The following incident, trifling in itself, confirmed his apprehensions. Passing one evening, when it was become nearly dark, by the open window of a guard-room, usually occupied by some few of his most celebrated soldiers, who relieved each other in watching his palace, he heard Morgan, a man distinguished for strength, courage, and ferocity, say to the companion with whom he was sitting by the watch-fire, "Gwenwyn is turned to a priest, or a woman!

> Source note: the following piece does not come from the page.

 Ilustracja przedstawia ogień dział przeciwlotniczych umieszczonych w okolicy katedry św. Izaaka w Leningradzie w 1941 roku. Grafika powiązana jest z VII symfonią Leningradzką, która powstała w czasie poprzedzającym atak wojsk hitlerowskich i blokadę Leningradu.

When was it before these last months, that a follower of his was obliged to gnaw the meat from the bone so closely, as I am now peeling the morsel which I hold in my hand?" [Footnote: It is said in Highland tradition, that one of the Macdonalds of the Isles, who had suffered his broadsword to remain sheathed for some months after his marriage with a beautiful woman, was stirred to a sudden and furious expedition against the mainland by hearing conversation to the above purpose among his bodyguard.]

"Wait but awhile," replied his comrade, "till the Norman match be accomplished; and so small will be the prey we shall then drive from the Saxon churls, that we may be glad to swallow, like hungry dogs, the very bones themselves."

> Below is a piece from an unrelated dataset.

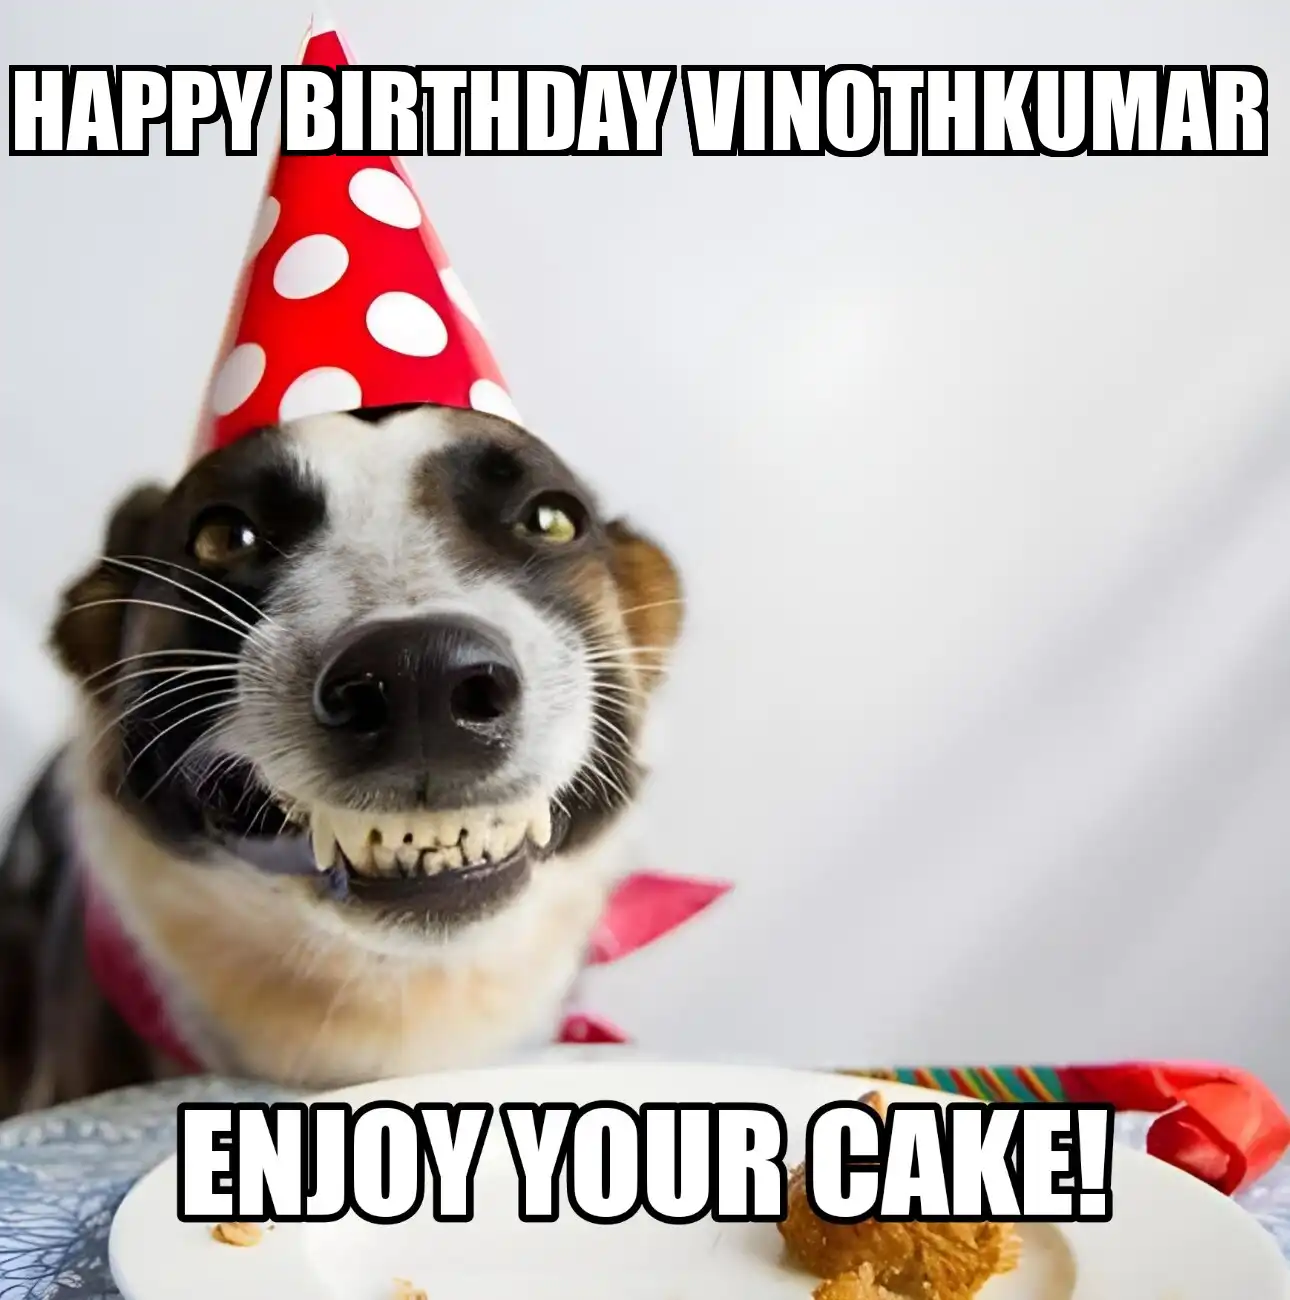 Happy Birthday Vinothkumar Enjoy Your Cake Dog Meme

Gwenwyn heard no more of their conversation; but this was enough to alarm his pride as a soldier, and his jealousy as a prince. He was sensible, that the people over whom he ruled were at once fickle in their disposition, impatient of long repose, and full of hatred against their neighbours; and he almost dreaded the consequences of the inactivity to which a long truce might reduce them. The risk was now incurred, however; and to display even more than his wonted splendour and liberality, seemed the best way of reconciling the wavering affections of his subjects.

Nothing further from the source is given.